§ GIVEN RECORDS
══════

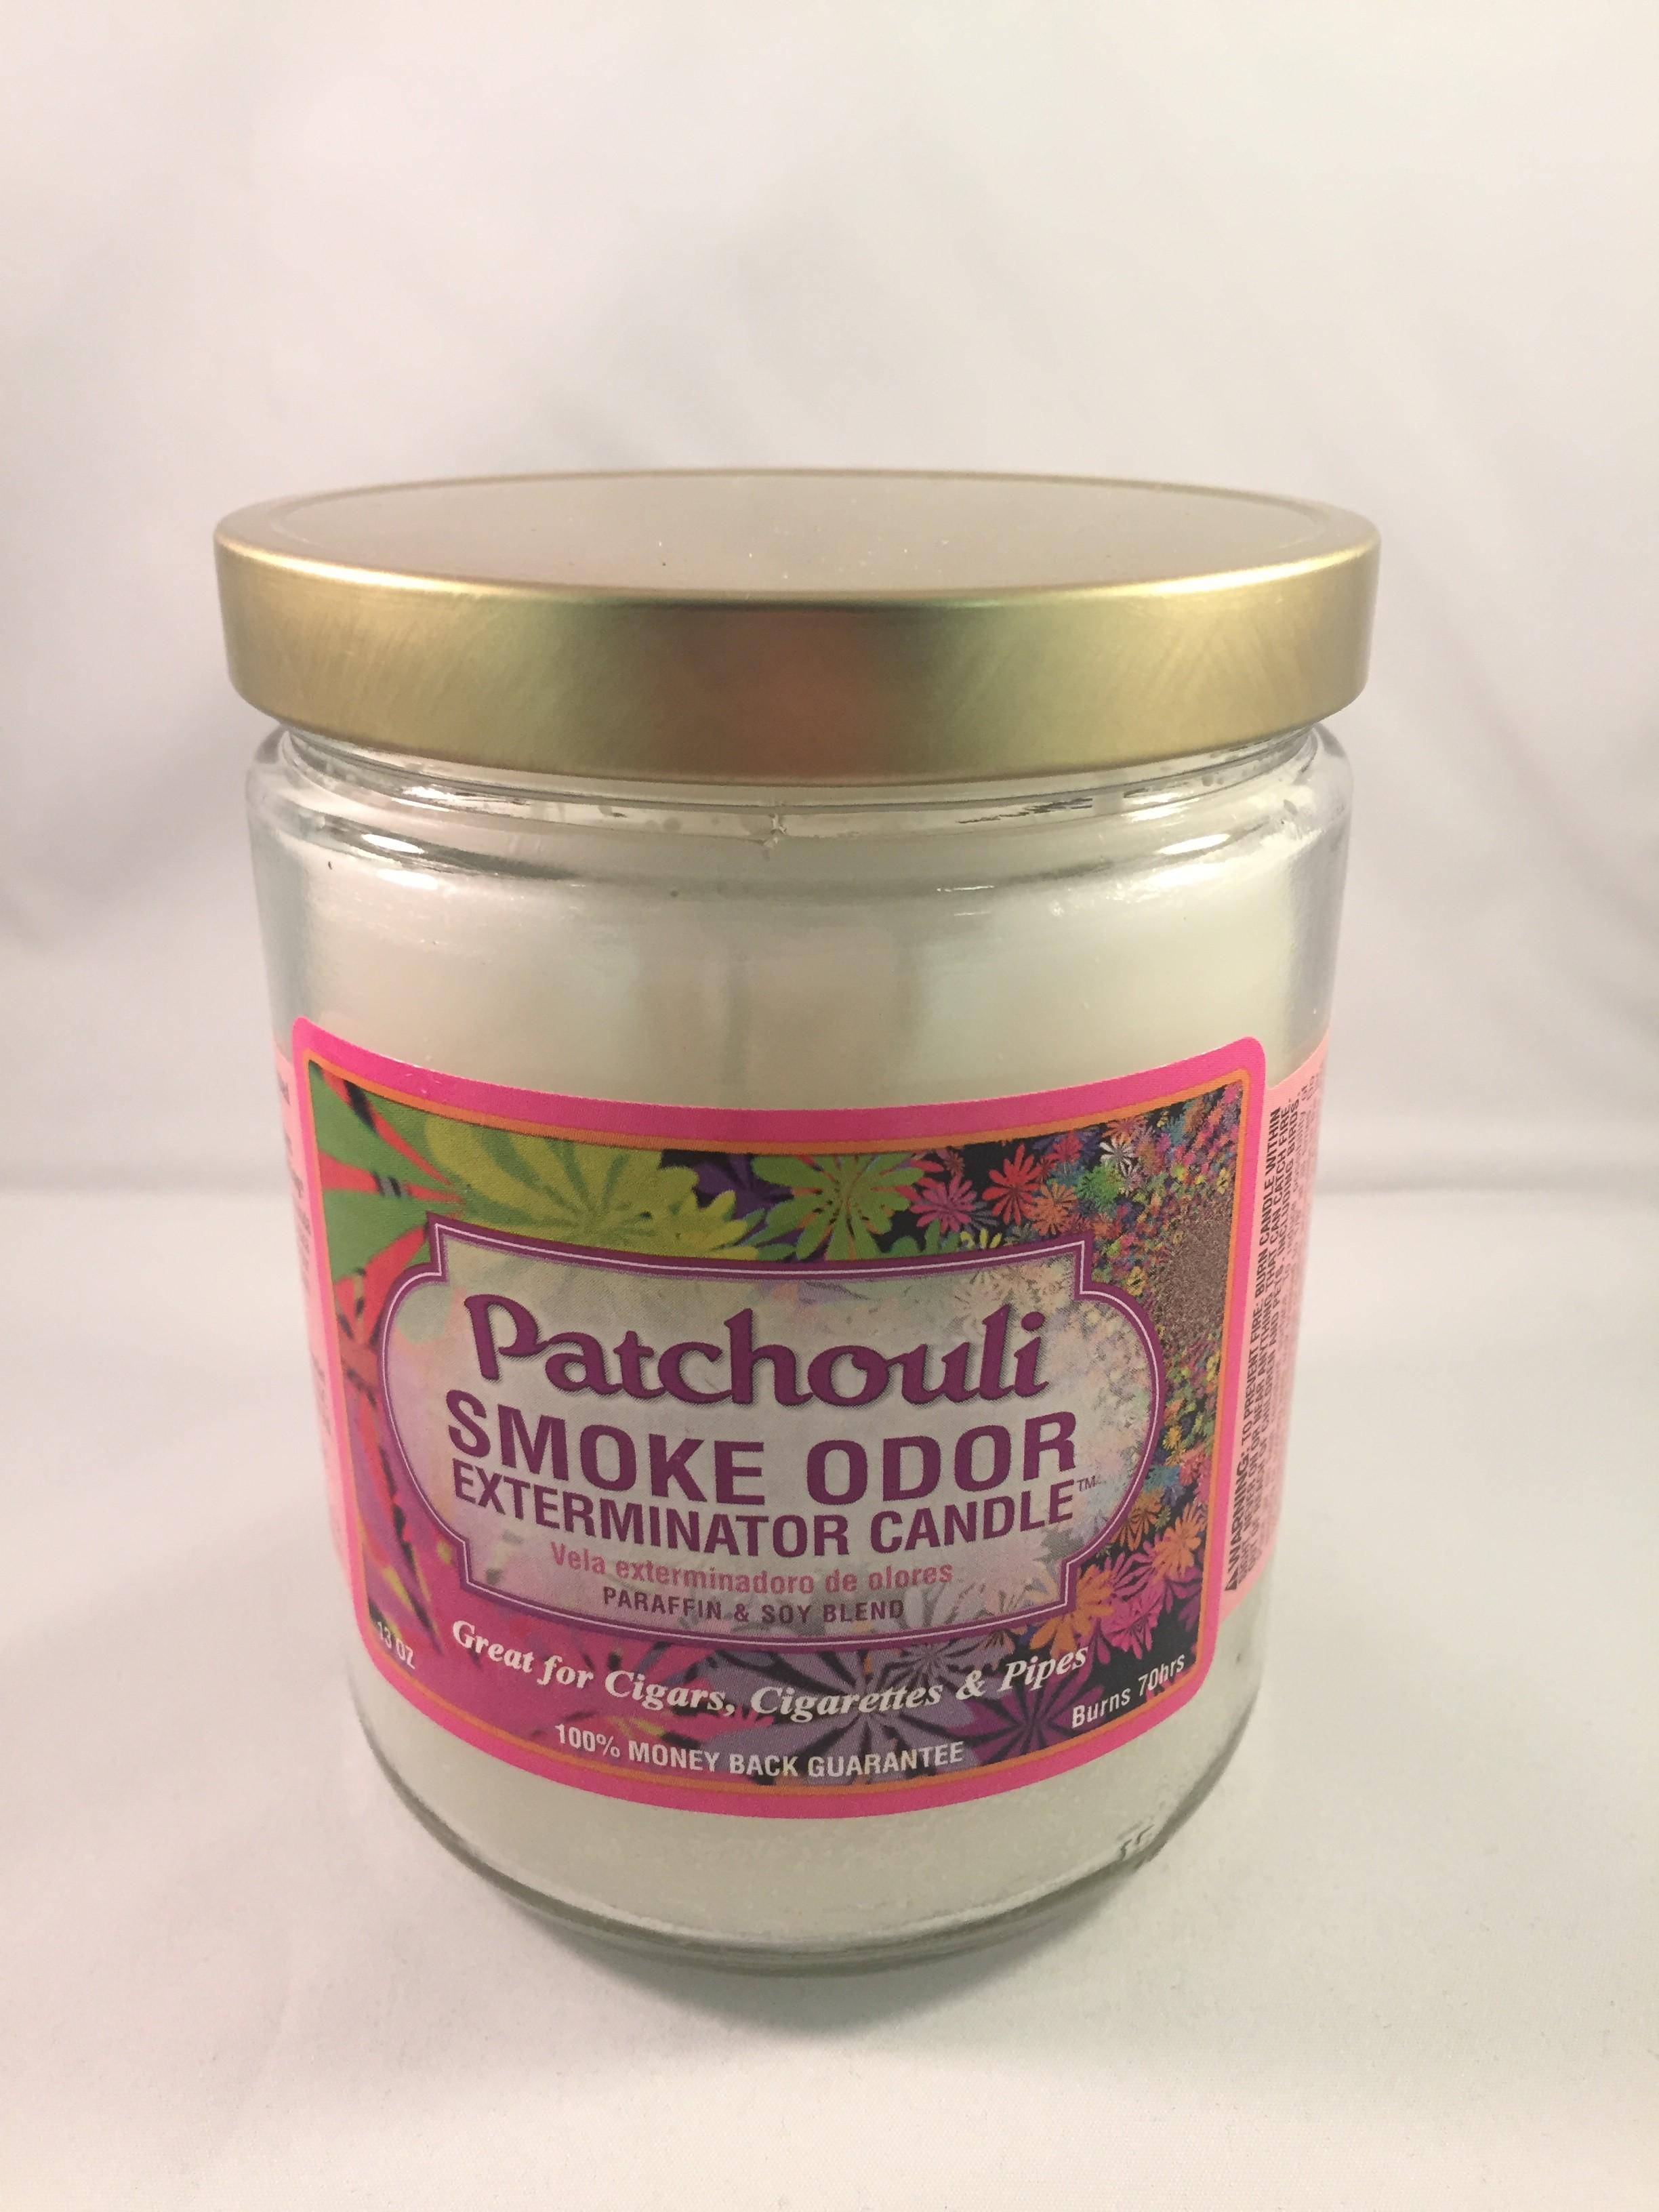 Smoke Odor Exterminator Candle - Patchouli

══════

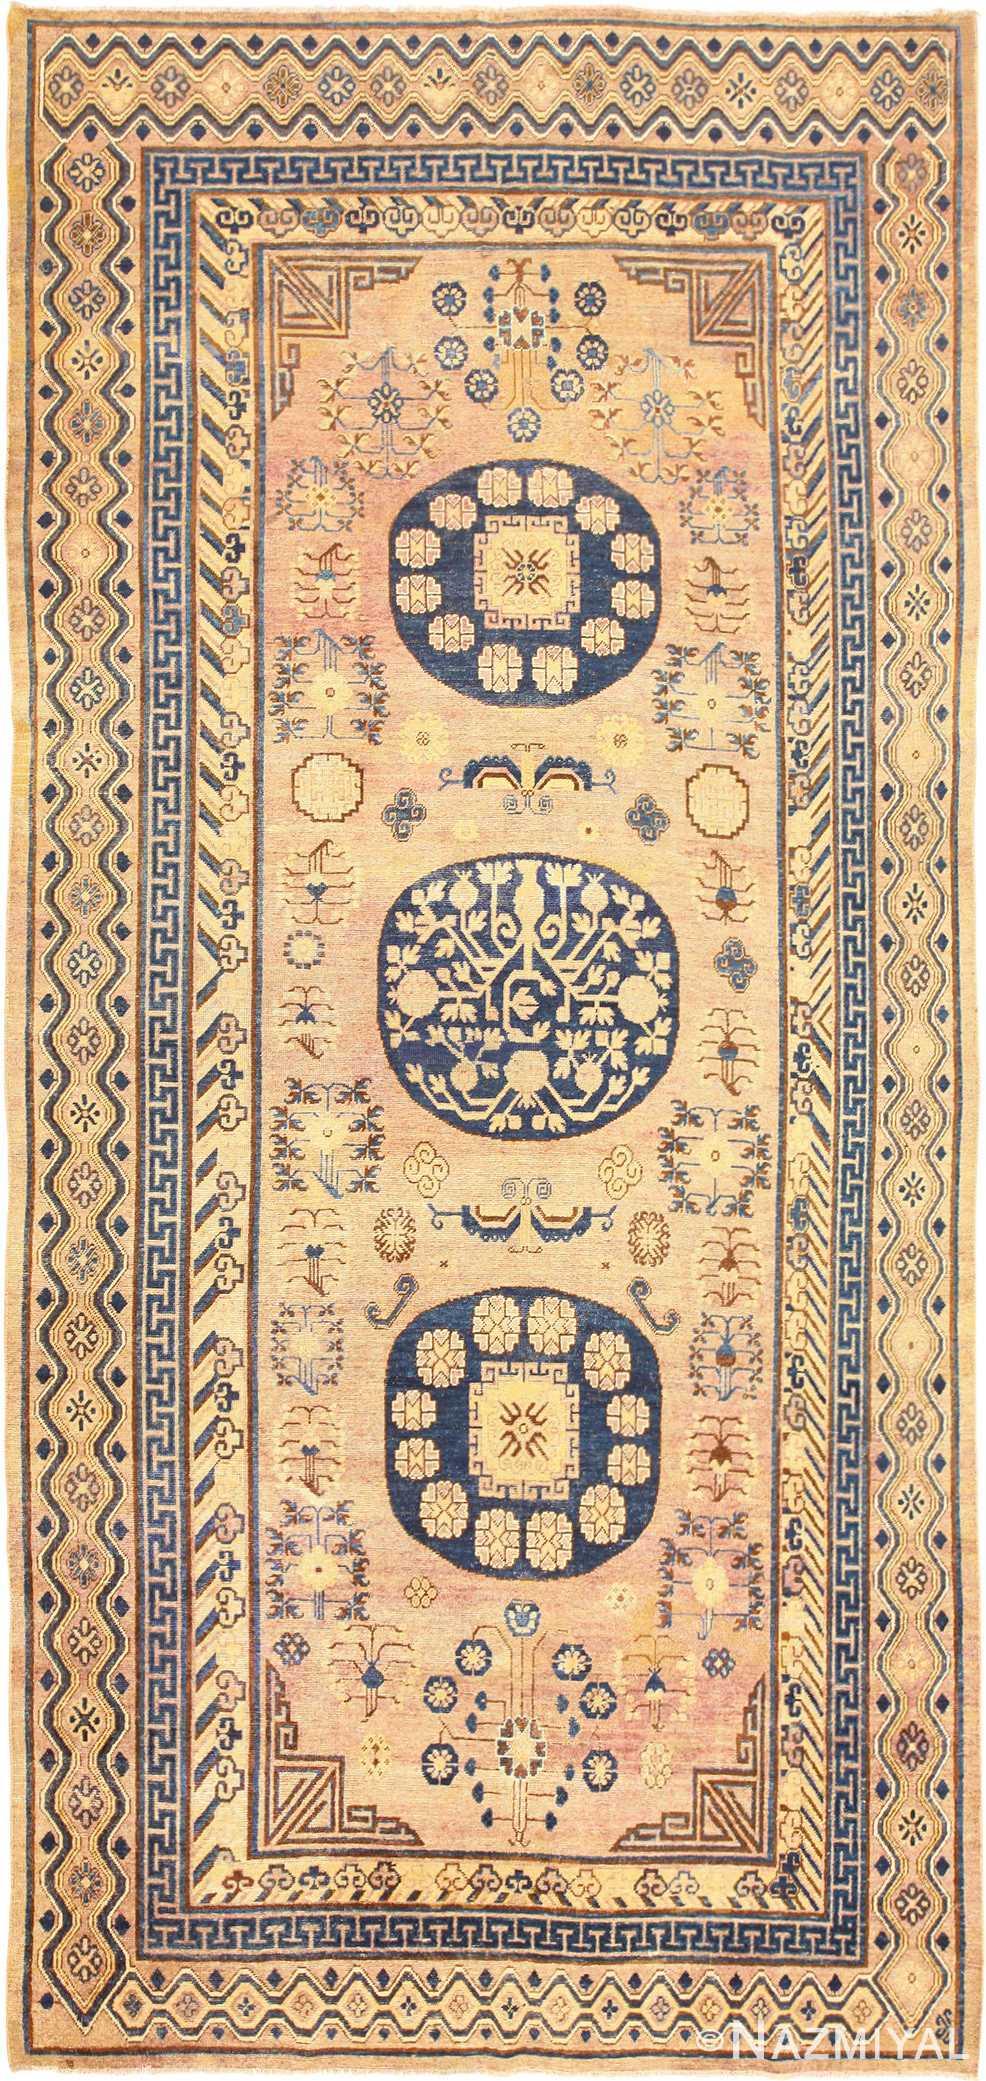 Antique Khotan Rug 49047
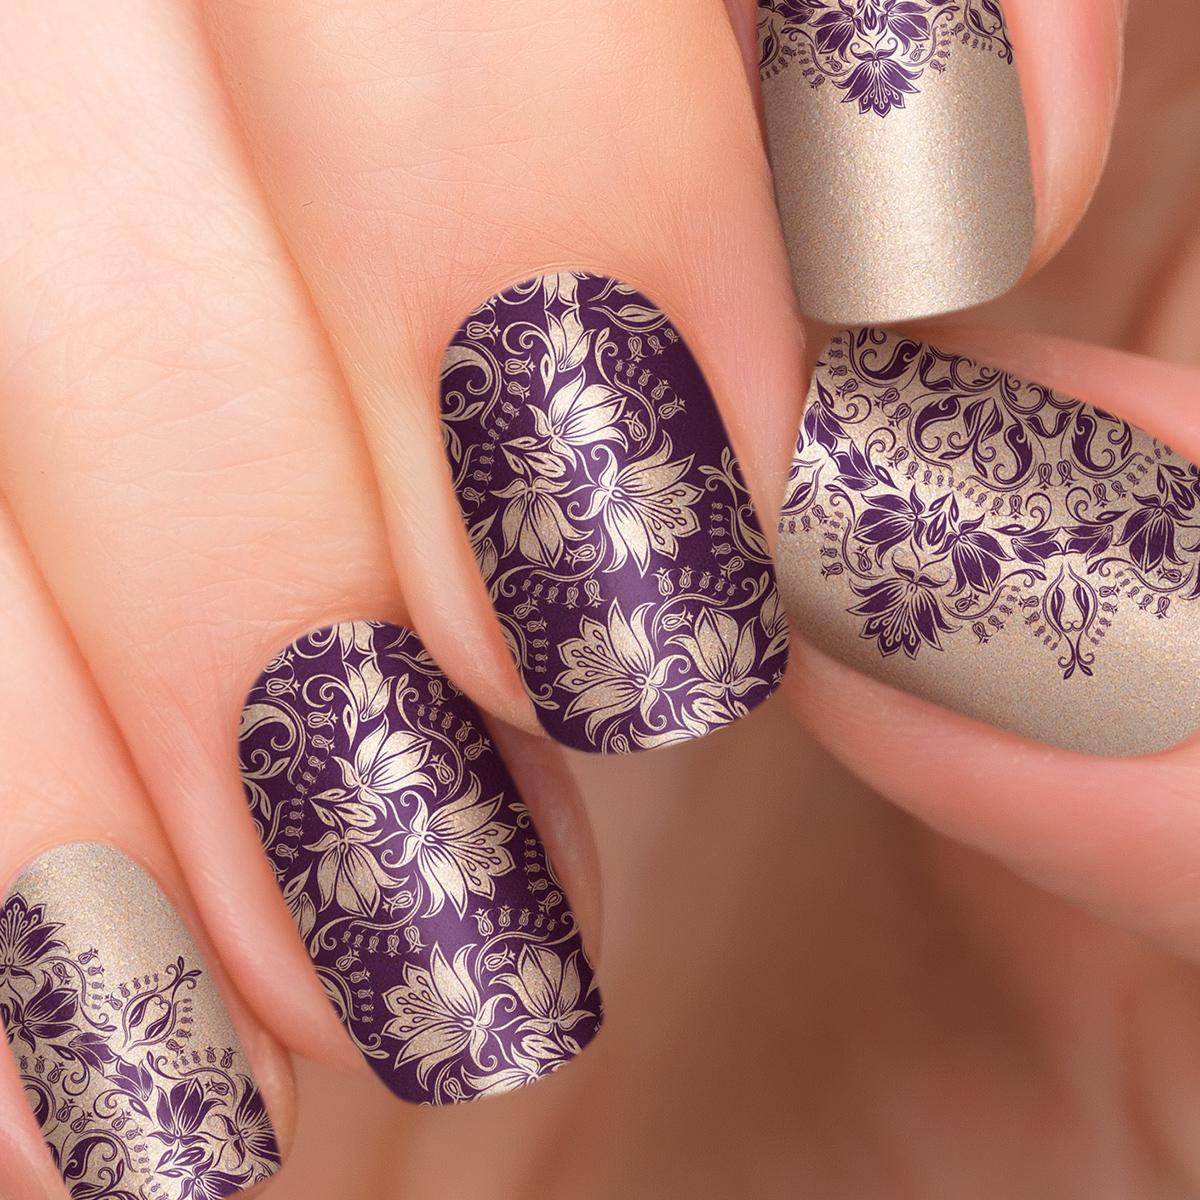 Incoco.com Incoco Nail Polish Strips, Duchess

══════

§ TASK INSTRUCTIONS
No picture is to be printed. Output exactly the lines above from the line containing "Antique Khotan Rug 49047" through the line containing "Incoco.com Incoco Nail".

§ RESPONSE TO THE TASK
 Antique Khotan Rug 49047
 Incoco.com Incoco Nail Polish Strips, Duchess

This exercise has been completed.